# Q1. Explain the assumptions required to use ANOVA and provide examples of violations that could impact the validity of the results.

Assumptions for ANOVA:

Homogeneity of Variance: Variances are roughly equal across groups.

Violation Example: One group has significantly larger variance in test scores than others.
Independence of Observations: Data points are not dependent on each other.

Violation Example: Repeated measurements of the same individuals are not independent.
Normality of Residuals: Residuals (differences between observed and predicted values) follow a normal distribution.

Violation Example: Residuals show a skewed or non-normal distribution.
Violations of these assumptions can lead to inaccurate ANOVA results.

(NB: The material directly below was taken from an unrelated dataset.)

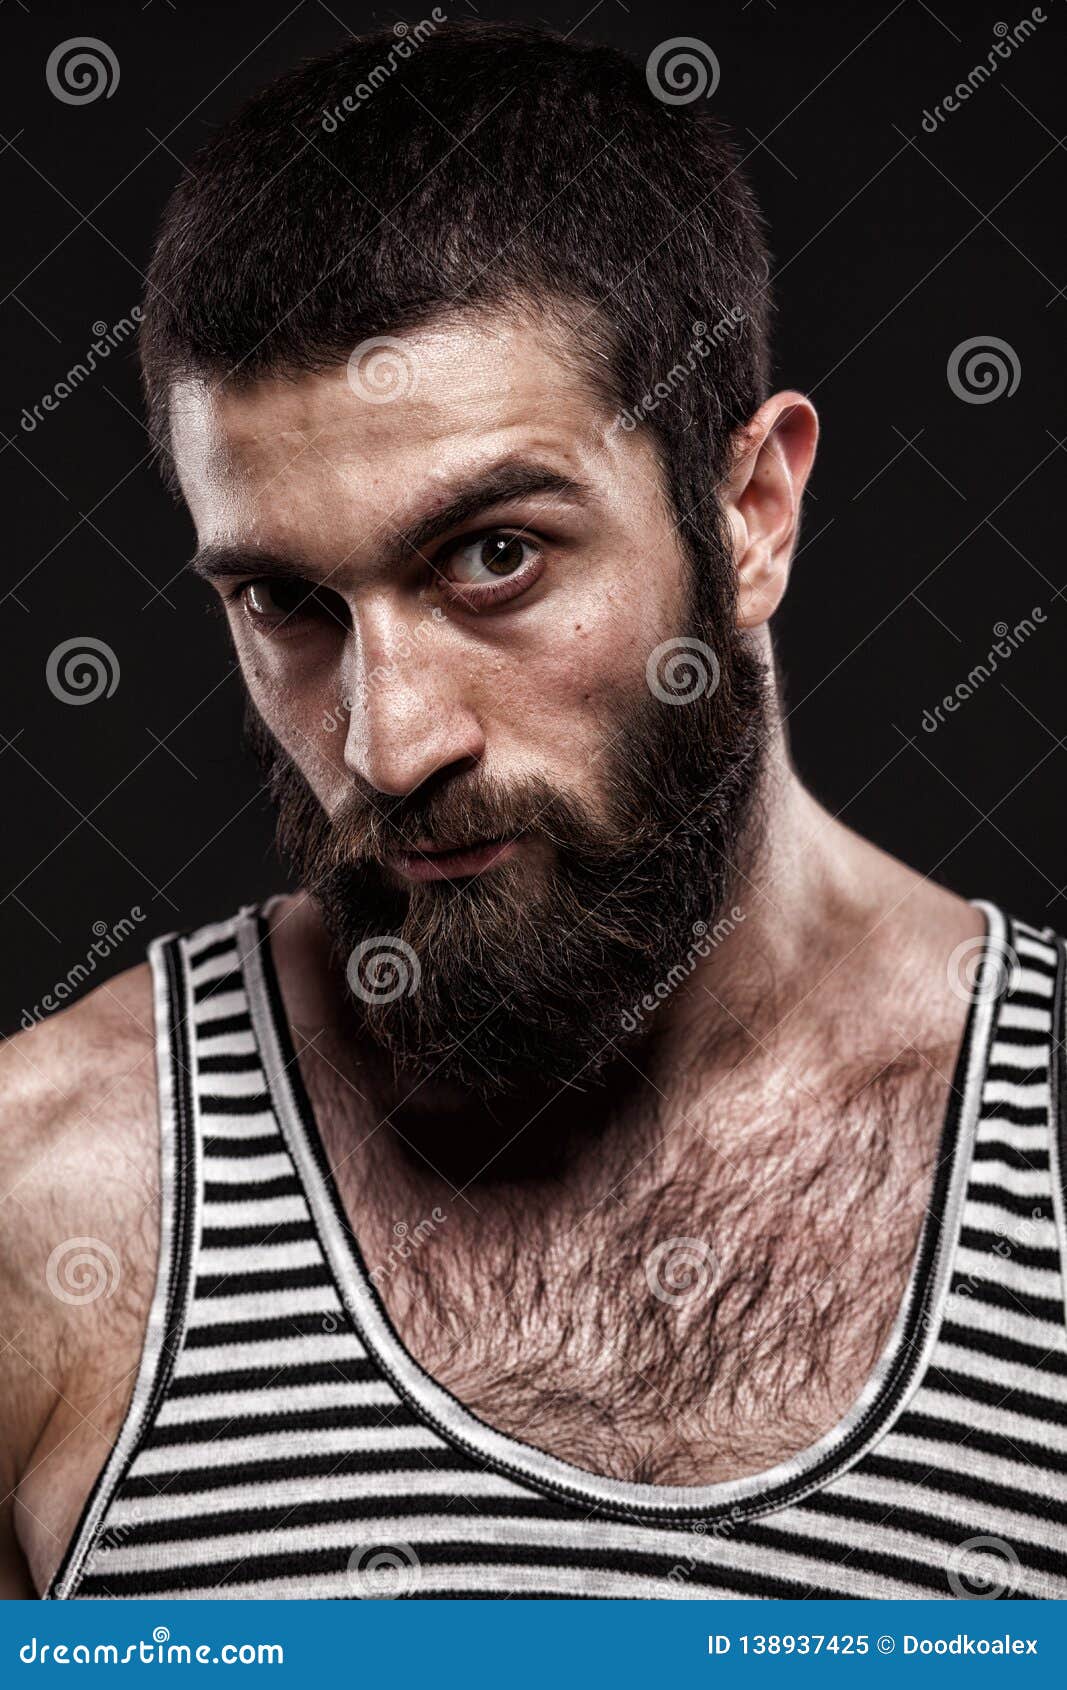 hairy average men selfies

# Q2. What are the three types of ANOVA, and in what situations would each be used?

Three types of ANOVA:

One-Way ANOVA:

Used when you have one categorical independent variable (factor) with three or more levels (groups).
Determines if there are significant differences in means between the groups.
Two-Way ANOVA:

Used when you have two categorical independent variables (factors) and want to assess their individual and interactive effects on a dependent variable.
Determines if there are significant main effects and interactions between the factors.
Three-Way ANOVA:

Used when you have three categorical independent variables (factors) and want to assess their individual and interactive effects on a dependent variable.
Similar to two-way ANOVA but with an additional factor.

# Q3. What is the partitioning of variance in ANOVA, and why is it important to understand this concept?

The partitioning of variance in ANOVA involves breaking down the total variance in a dataset into different components to understand the sources of variability in your data. It's important to understand this concept because it helps you:

Identify Sources of Variation: It allows you to see how much of the variability in your data is due to differences between groups (treatments) and how much is due to random variability (within groups).

Assess Group Differences: By quantifying the variation between groups, you can determine if the differences you observe are statistically significant or if they could have occurred by chance.

Interpret Results: Understanding the partitioning of variance helps you interpret ANOVA results and draw meaningful conclusions about the effects of different factors or treatments on the dependent variable.

Guide Further Analysis: It informs you whether additional analyses, like post-hoc tests, are needed to compare specific group means when ANOVA indicates significant differences.

# Q4. How would you calculate the total sum of squares (SST), explained sum of squares (SSE), and residual sum of squares (SSR) in a one-way ANOVA using Python?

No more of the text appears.